What is needed
Please find the lines in the following records that hold "temperature", and copy them.

Information given
☆ ☆ ☆

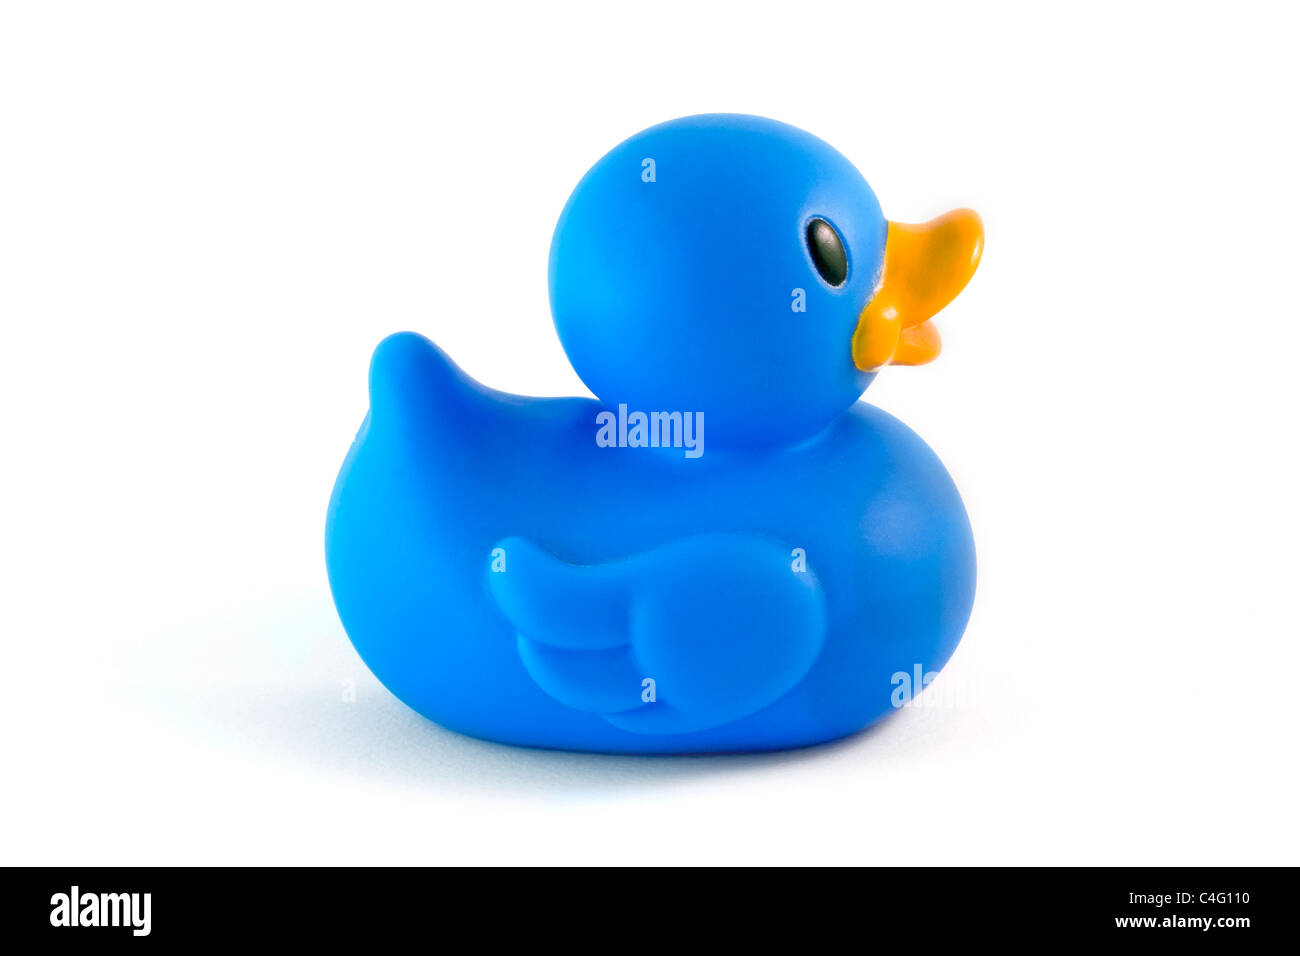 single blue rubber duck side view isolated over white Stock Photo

☆ ☆ ☆

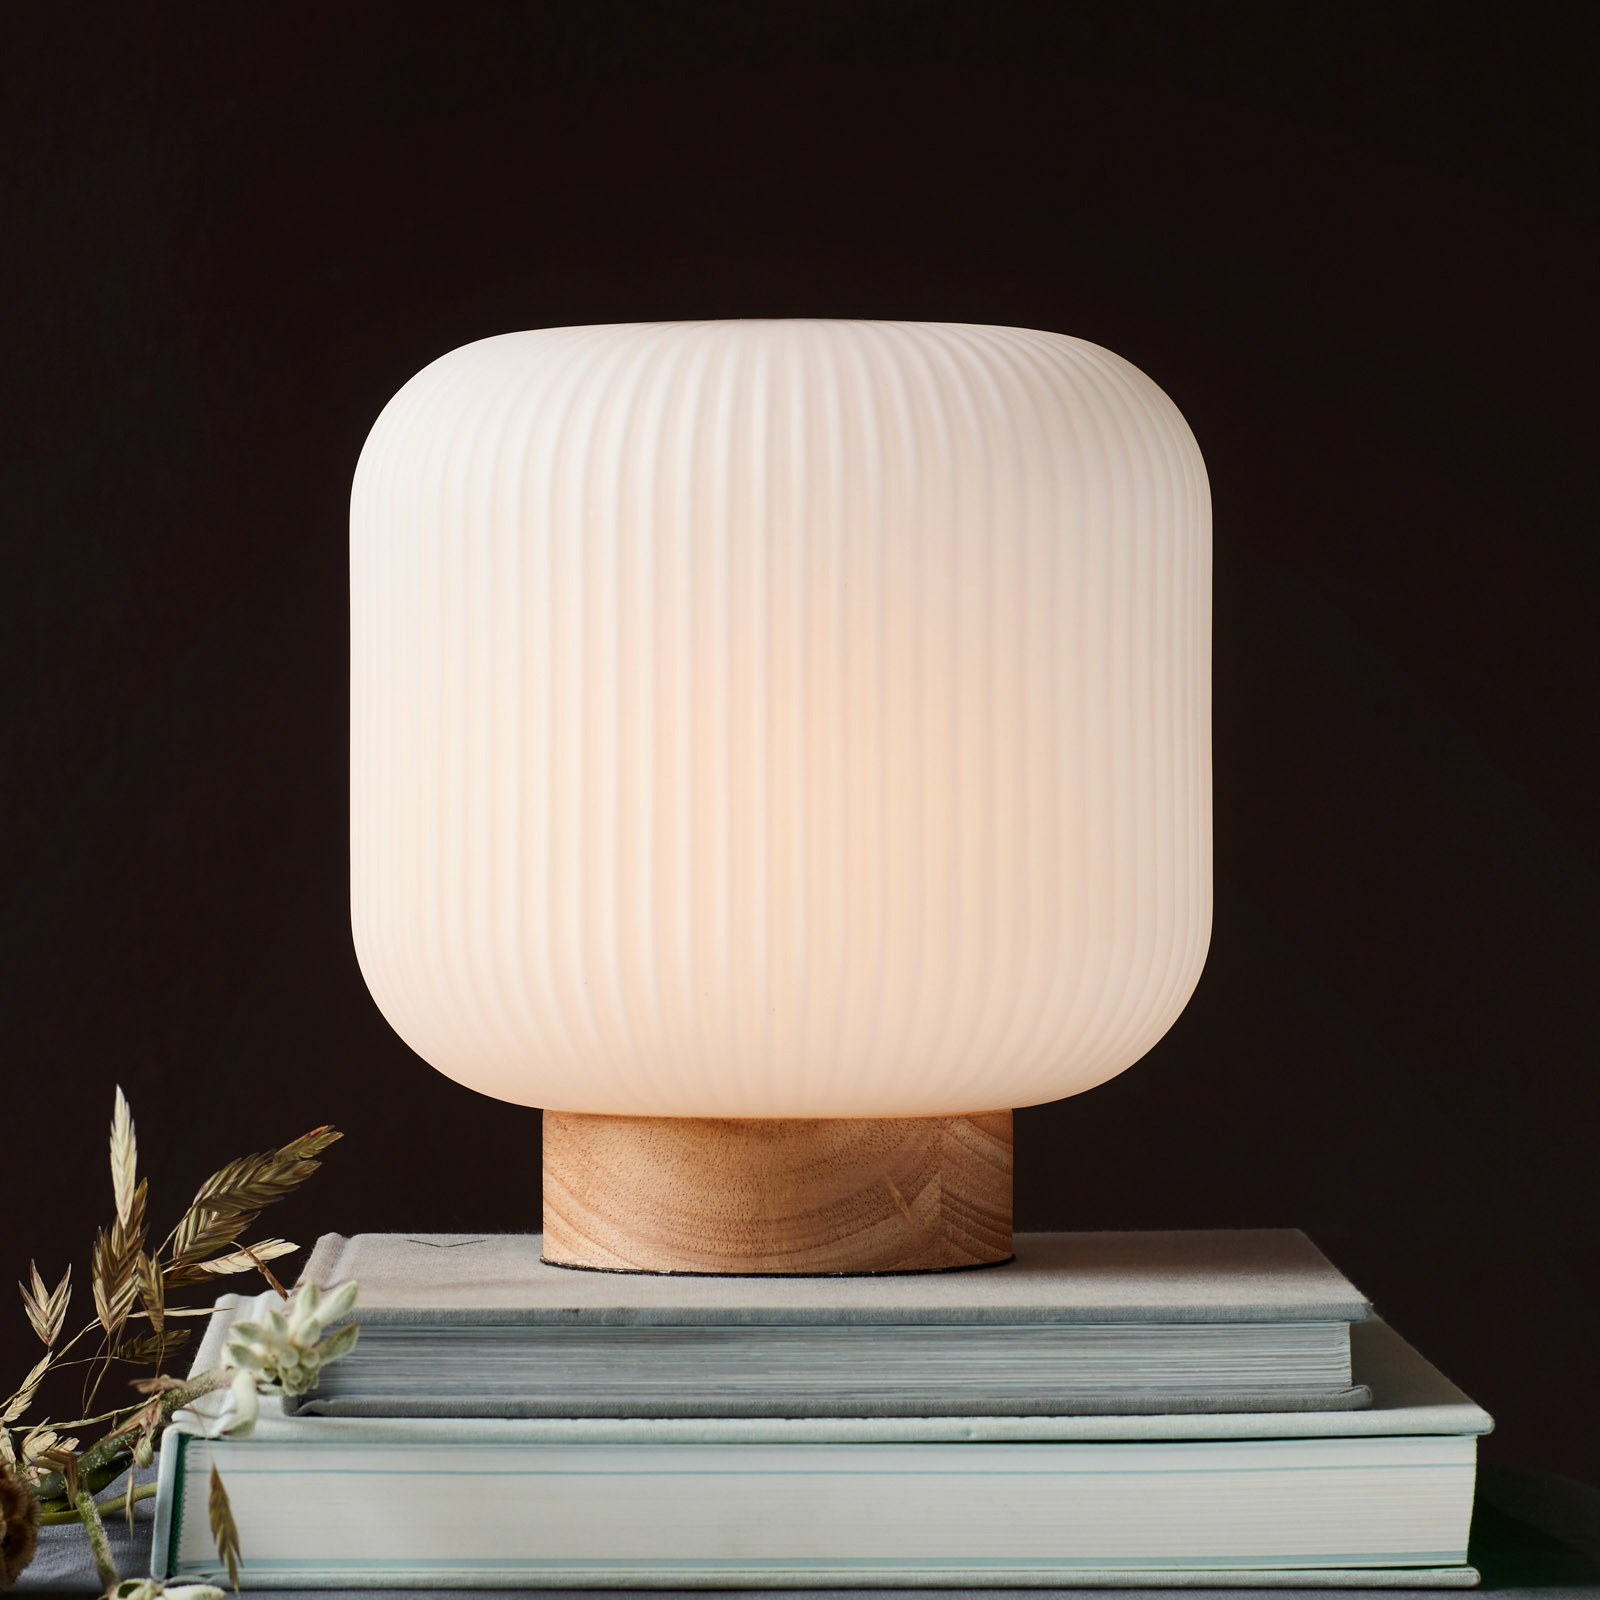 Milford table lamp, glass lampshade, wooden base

☆ ☆ ☆

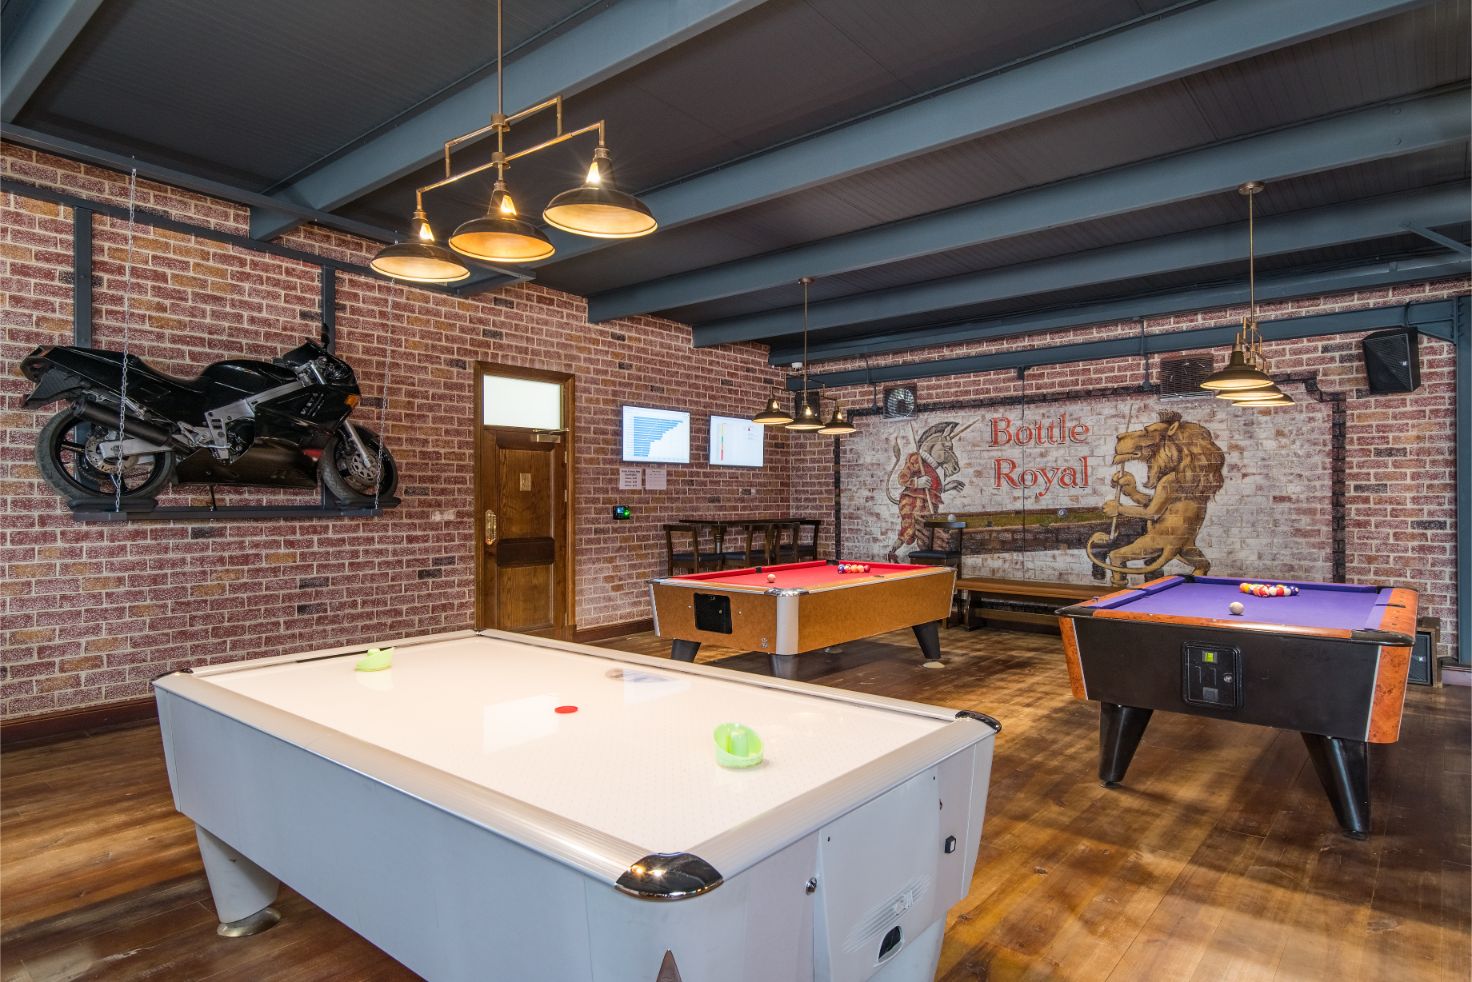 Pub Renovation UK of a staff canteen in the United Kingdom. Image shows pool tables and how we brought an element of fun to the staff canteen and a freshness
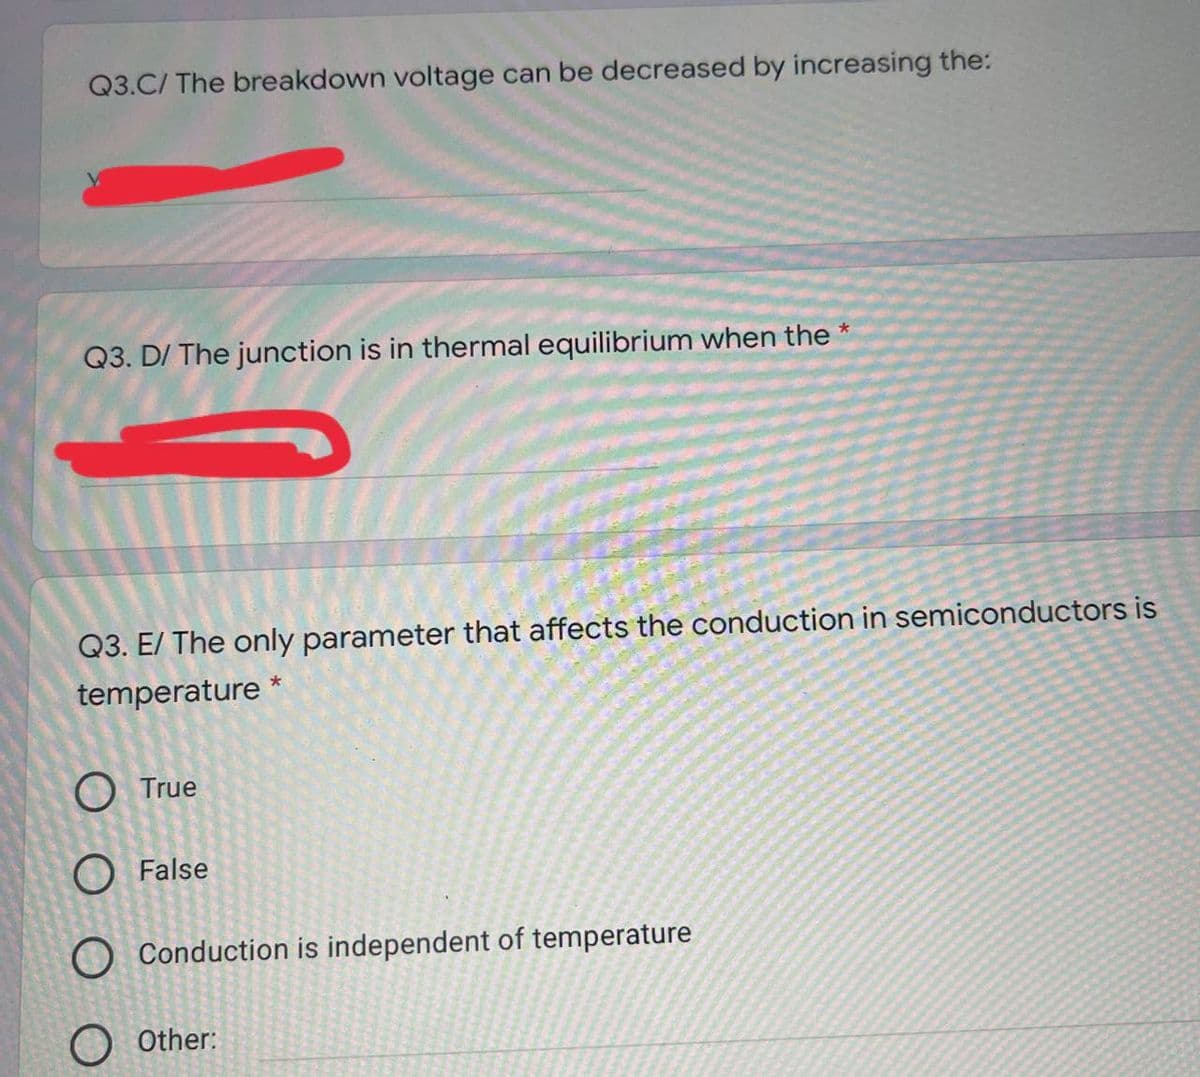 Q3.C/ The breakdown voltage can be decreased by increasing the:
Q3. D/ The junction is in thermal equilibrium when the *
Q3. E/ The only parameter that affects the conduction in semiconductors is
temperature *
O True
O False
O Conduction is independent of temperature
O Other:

☆ ☆ ☆

Response
temperature *
O Conduction is independent of temperature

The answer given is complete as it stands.